Proposed: YAML-based flow definitions loaded at startup
Future: Visual editor in admin UI
2. Greeting Flow¶
Virbe has: Dedicated Greet flow triggered on conversation-start. Stack B has: Nothing — conversation starts cold. Build: conversation-start signal handler in orchestrator → TTS greeting → wait for input.
3. Processing Feedback ("Please Wait")¶
Virbe has: "Report long processing time" with configurable timeout. Stack B has: Nothing — avatar freezes during RAG+LLM processing. Build: WebSocket progress event from orchestrator → signalling → kiosk UI shows animation.
4. Admin Dashboard¶
Virbe has: Full dashboard (conversations, analytics, KB management, flow editor). Stack B has: Basic /health endpoints, no UI. Build: Extend admin service with: - Conversation log viewer - Knowledge base CRUD - Prompt/system instruction editor - Real-time conversation monitor
P1 — Important (quality of kiosk experience)¶
5. Handler System (Event Pre-Processing)¶
Virbe has: 5 handlers (On User Input, Language Change, conversation-start/stop, face-detected). Stack B has: None. Build: Event hooks in orchestrator pipeline:
@handler("conversation-start")
async def on_start(ctx): greet(ctx)
@handler("face-detected")
async def on_face(ctx): focus(ctx)
@handler("user-input")
async def on_input(ctx): log(ctx), detect_language(ctx)
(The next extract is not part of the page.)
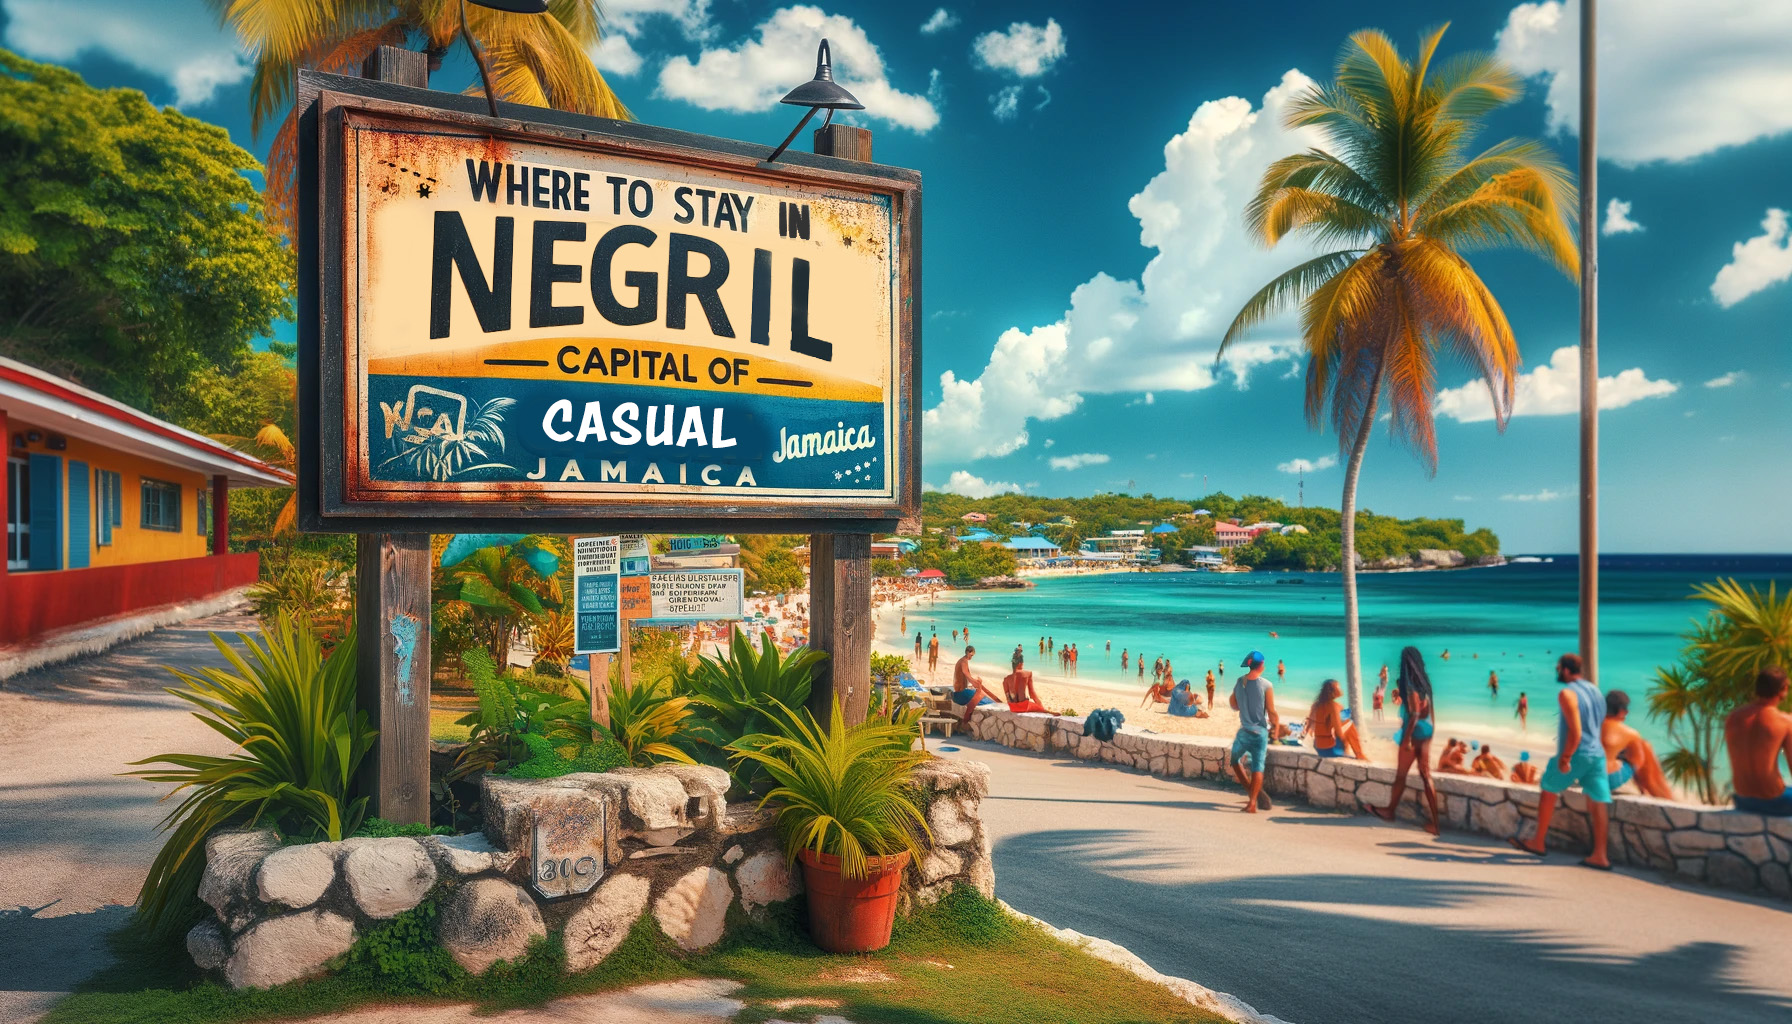 Where To Stay in Negril Capital of Casual Jamaica

6. Face Detection → Conversation Trigger¶
Virbe has: On face-detected handler starts conversation. Stack B has: Manual start only. Build: Camera feed → face detection model → WebSocket signal → orchestrator starts conversation.
7. Focus/Defocus State Machine¶
Virbe has: Configurable timeouts (defocus after 60s, stop listening after 20s), new user on focus. Stack B has: No idle management. Build: State machine in signalling:
IDLE → (face detected) → FOCUSED → (speech) → LISTENING → (silence 20s) → FOCUSED → (idle 60s) → IDLE
8. TTS Output Quality¶
Virbe has: Azure TTS (high quality, natural French). Stack B has: Kokoro (decent but less natural). Build: Keep Kokoro as default, add option for ElevenLabs API as premium TTS (key already in keychain).
P2 — Nice to Have (polish)¶
9. Version Management¶
Virbe has: Draft/Published/Retired lifecycle. Stack B has: Git-based (implicit versioning). Build: Config versioning via Git tags + admin UI version selector. Lower priority since Git handles this.
10. Multi-Profile Support¶
Virbe has: Multiple profiles with different personas, languages, settings. Stack B has: Single configuration. Build: Profile configs in admin DB, selectable at conversation start.
11. Knowledge Base Management UI¶
Virbe has: Collection/Document CRUD with rich text editor, embedding status. Stack B has: Manual Qdrant ingestion. Build: Admin UI → upload docs → chunk → embed → Qdrant. Preview RAG results.
12. Conversation Analytics¶
Virbe has: Full conversation logs with flow transitions, topic/summary. Stack B has: None. Build: Log all conversations to DB, display in admin UI with search/filter.
13. Display UI / Overlays¶
Virbe has: Cards, images, product display during conversation. Stack B has: Avatar only. Build: WebSocket overlay commands → signalling → kiosk HTML overlay layer.
Architecture Principle¶
Virbe is a monolithic SaaS with everything integrated. Stack B should be modular microservices with clear APIs:
┌─────────────┐ ┌──────────────┐ ┌─────────────┐
│ signalling │←→│ orchestrator │←→│ speaches │
│ (WebRTC + │ │ (pipeline + │ │ (STT/TTS) │
│ kiosk UI) │ │ RAG + LLM) │ │ │
└─────────────┘ └──────┬───────┘ └─────────────┘
│
┌──────┴───────┐
│ admin │
│ (dashboard) │
└──────────────┘
Each service owns its domain. Communication via WebSocket (real-time) and REST (config/admin).